Tl;dr: Don’t be so sure that a “verified” checkmark means you’re engaging with the real deal. This is a major Web3 user vulnerability. We share our discovery, and suggest potential ways to fix it.
As part of our ongoing research in blockchain security, we have taken a deeper dive into the security of connecting to web3 dapps. Dapp connections are often the achilles heel of Web3 security, as many times attackers trick their victims into connecting to rogue dapp’ web2 interfaces.
During this research, we identified a popular wallet that was misinterpreting some fields in WalletConnect, the leading standard for mobile wallet connection to dapps, putting its users at greater risk to such attacks. We have since responsibly disclosed the issue to the vulnerable wallet, and they have fixed that issue.
In this blog, we will explain the issue in detail, demonstrate its implementation by the vulnerabile wallet, and share some practical security recommendations any user can follow to watch out for similar pitfalls.
The Web3 Triangle: Web2 interfaces and WalletConnect
Web3 allows users to perform complex operations by sending on-chain transactions to Smart Contracts through dapp. For example, users can send a transaction to exchange a certain asset for another asset under some requirements (e.g. rate has not deviated). But how would the user know how to code this complex message, which is not standard, and changes between different dapps?
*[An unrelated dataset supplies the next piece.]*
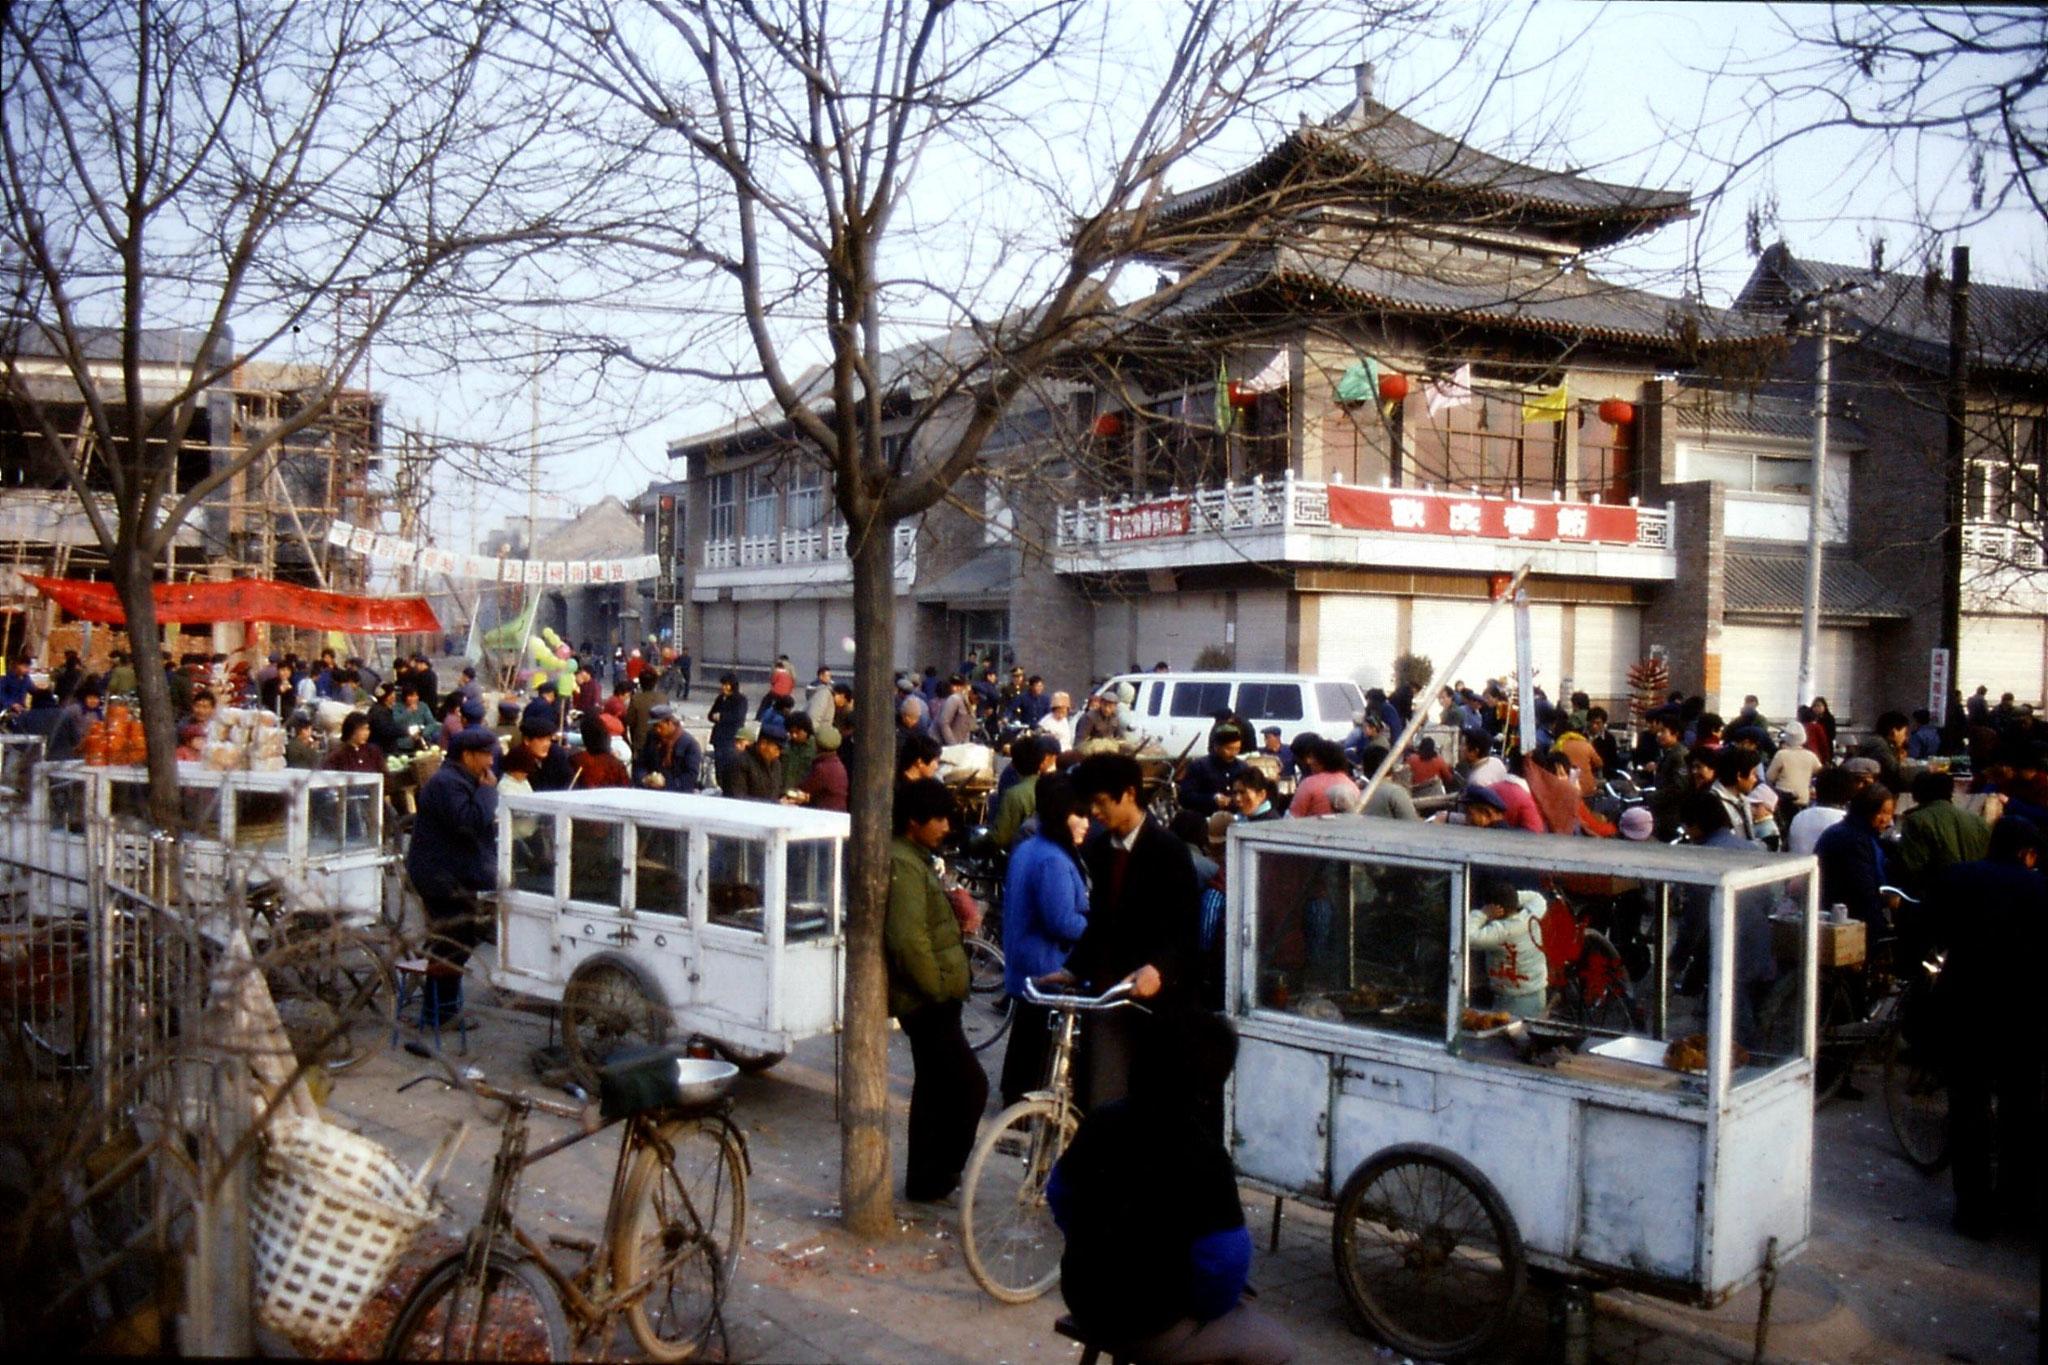 19/2/1989: 27: Qufu

To solve that, Dapps have a web2 interface that sends properly formatted transactions to the wallet, such that the wallet’s owner can send them. This connection between the wallet and the Dapp’s interface is currently implemented mostly via either browser extension or WalletConnect for mobile wallets.
With WalletConnect, users scan a QR code with their wallet to create the channel between the wallet and the dapp. The dapp sends some information about itself (e.g. name, icon) and following that all kind of messages to be signed. Learn more about this process here.
Obviously if the dapp sends malicious messages and the user signs them, many bad things can happen. For example, the dapp can send a message that transfers all of the users’ funds to some address. Therefore, it is important for users to work with trustworthy interfaces. Conversely, attackers try to masquerade as trustworthy dapps in order to trick innocent users.
It’s very tempting to solve the problem of dapp trustworthiness by reassuring users they are interacting with “the right” dapp based on the data passed by WalletConnect. And that’s exactly what a popular mobile browser did. When they get the URL (“address”) of the dapp from WalletConnect they present a blue checkmark, in case it’s a known site.
However, WalletConnect data is sent by dapp and cannot be validated by WalletConnect. Therefore, a rogue Dapp can claim it’s actually a well known Dapp (e.g. “OpenSea”) and this popular wallet’s users will be even more reassured that they are interacting with the real “OpenSea” dapp. After all, it has a blue checkmark!
This is exactly what we had demonstrated in the following video:
We had shared our findings with the wallet, and they were very responsive in correcting this unsafe behavior (see https://github.com/rainbow-me/rainbow/pull/3304 )
Users should verify on their browsers that they’re accessing the “right” dapp and not a phishing one. They can do so by
- Verifying the site address in the address bar is as expected
- The website should be served over SSL (padlock icon is present)
Additionally, users should use wallets that offer some extra layers of protection against rogue dapps, such as ZenGo’s ClearSign!
Always stay alert and take steps to make your web3 journey safer!